The SAFE (Sensitivity Analysis for Environmental Applications) toolbox is a set of Matlab routines and workflows for carrying out a wide range of sensitivity analyses (see Pianosi, F., J. Rougier, J. Freer, J. Hall, D. B. Stephenson, K. J. Beven, and T. Wagener, 2016, Sensitivity Analysis of environmental models: a systematic review with practical workflows, Environmental Modelling and Software, 79: 214-232). The SAFE toolbox is hosted by the University of Bristol at http://www.bris.ac.uk/cabot/resources/safe-toolbox/

The CURE toolbox

The CURE (CREDIBLE Uncertainty and Risk Estimation) is a set of Matlab/Octave routines and workflows for a variety of forms of uncertainty estimation (including Forward Uncertainty Estimation, Bayesian MCMC methods, Approximate Bayesian Computation (ABC) methods,  Generalised Likelihood Uncertainty Estimation (GLUE) methods.  The  CURE toolbox is hosted by the University of Bristol and will be released real soon now.

The CAPTAIN toolbox

The CAPTAIN tool box for time series analysis includes routines on which some of the real-time forecasting methods described in Section 5.3 of Environmental Modelling: An Uncertain Future? may be found at http://www.es.lancs.ac.uk/cres/captain/

Octave implements much of the functionality of Matlab in a package freely available under the GNU General Public License

Generation of random variables

Matlab has a number of inbuilt random number generators for different forms of distribution.

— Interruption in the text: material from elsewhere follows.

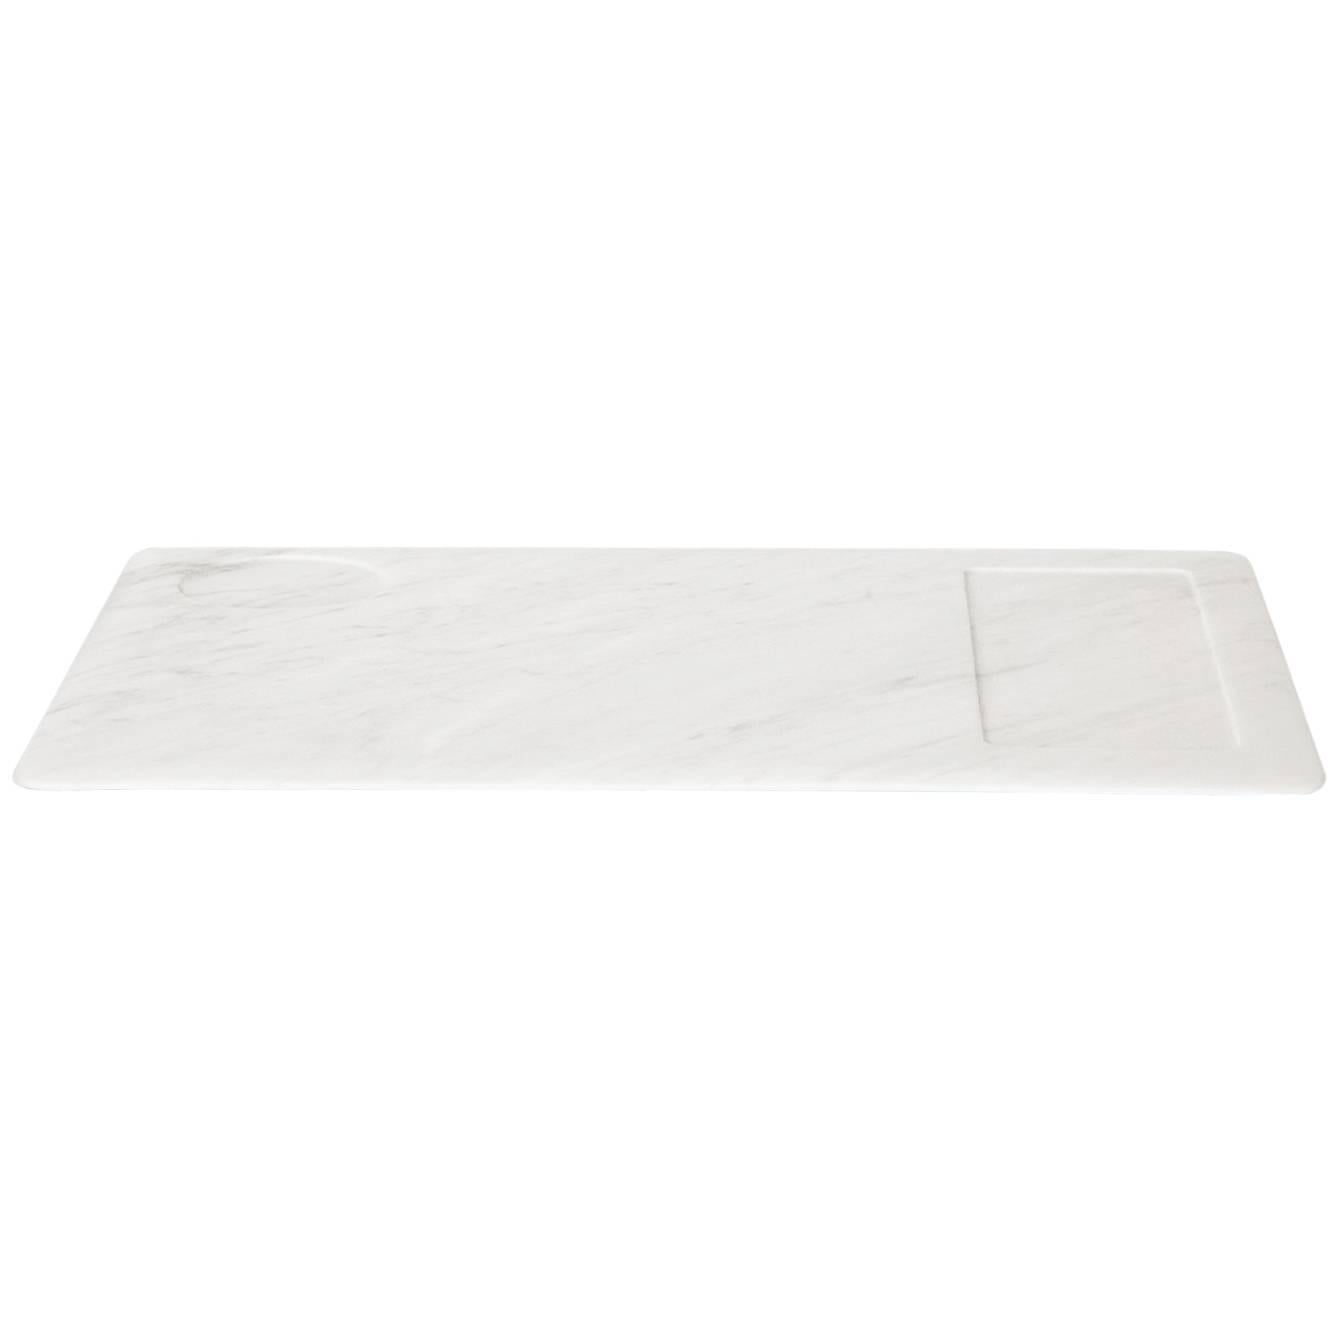 Tray in White Carrara Marble by Studioformart, Italy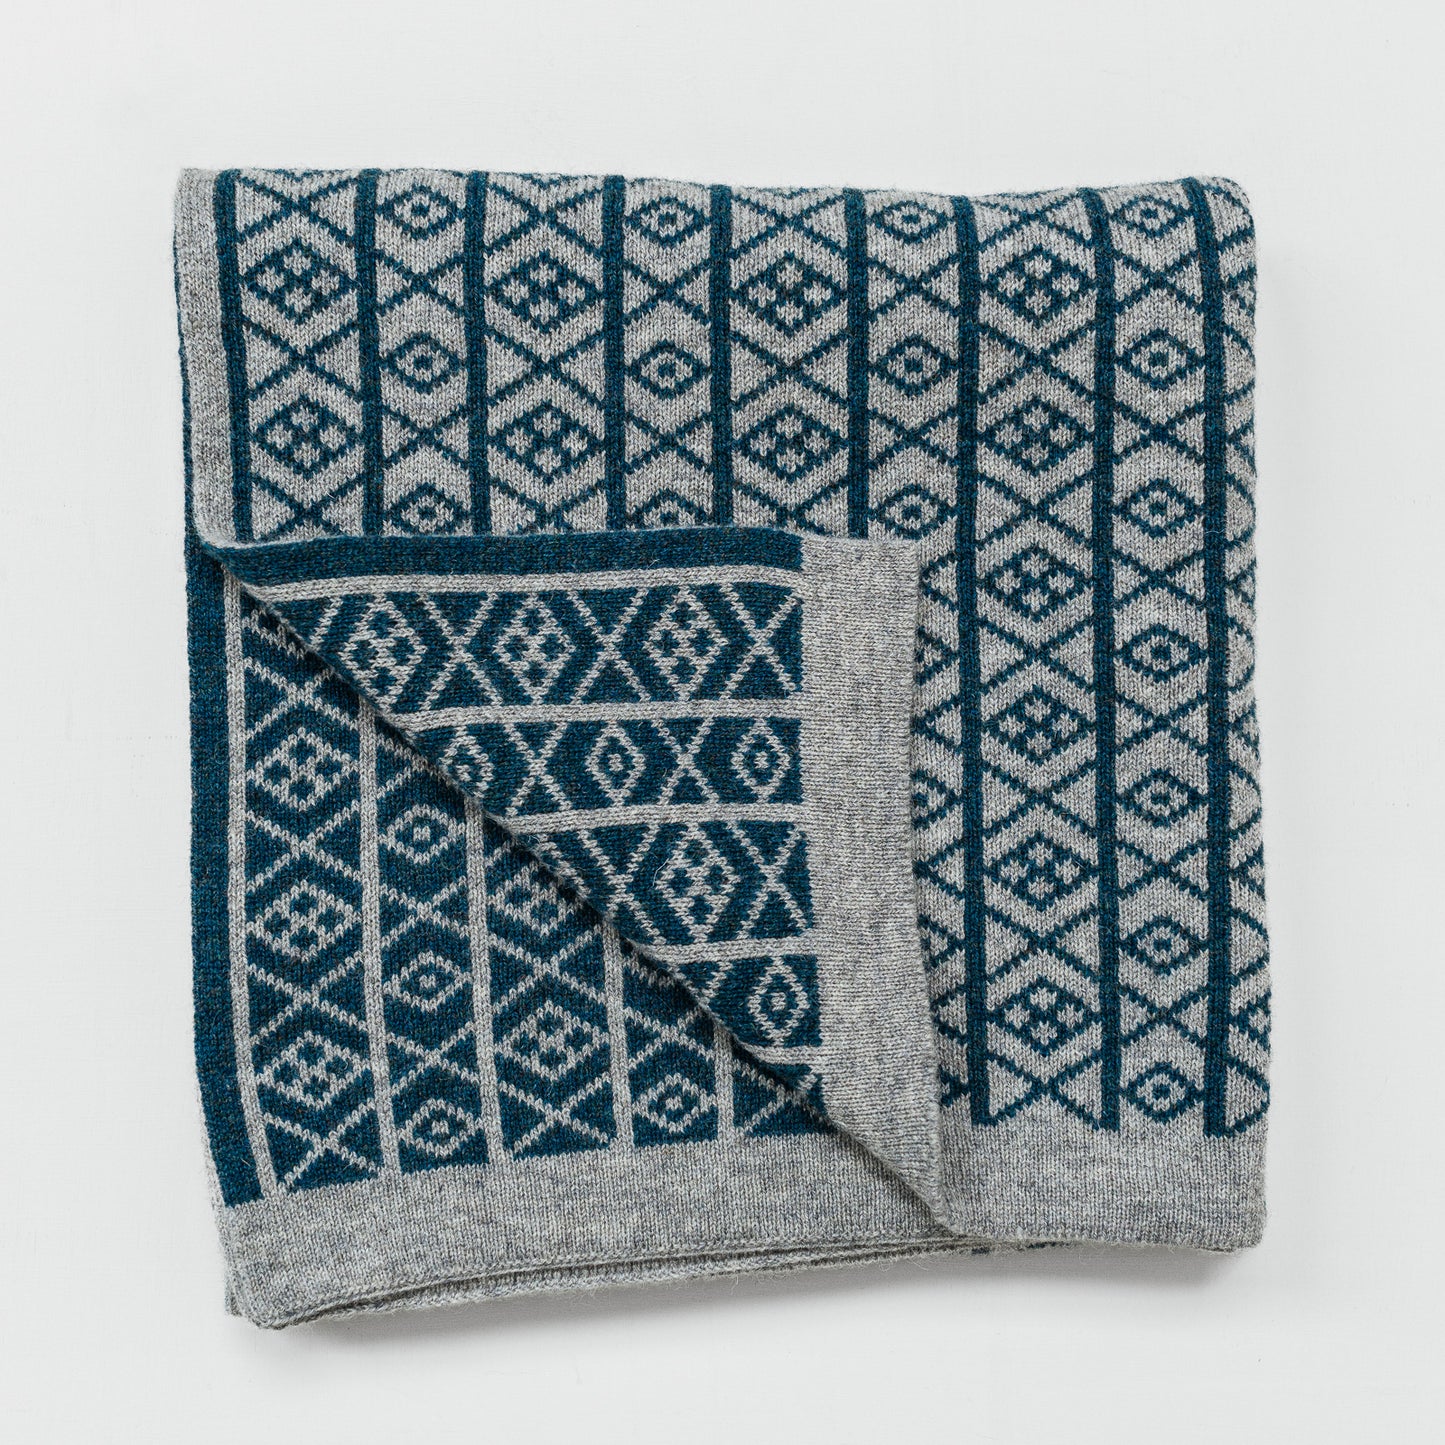 The Ruskin British Wool Jacquard Blanket in Kingfisher Blue / Grey

The EU Joint Research Centre (JRC) Simlab package includes a wide variety of distribution generation functions (https://simlab.jrc.it/docs/html/main.html) with a “cook book” for new users.

Both the SAFE and CURE toolboxes (see above) include routines for the generation of independent and correlated random variables.

Generalised Sensitivity Analysis (GSA)

The JRC Simlab package noted above includes the Sobol’ method of generalised sensitivity analysis.  JRC also maintains a sensitivity analysis forum with details of some other software packages (http://sensitivity-analysis.jrc.it/forum/default.asp )

Routines for Hornberger-Spear-Young GSA are included in the SAFE package (see above)

Generalised Likelihood Uncertainty Estimation (GLUE)

A Matlab implementation of GLUE is available from the EU Joint Research Laboratory (see http://eemc.jrc.ec.europa.eu/softwareGLUEWIN.htm ). This package also includes routines for HSY Generalised Sensitivity Analysis.

An implementation of GLUE is included in the CURE toolbox (see above).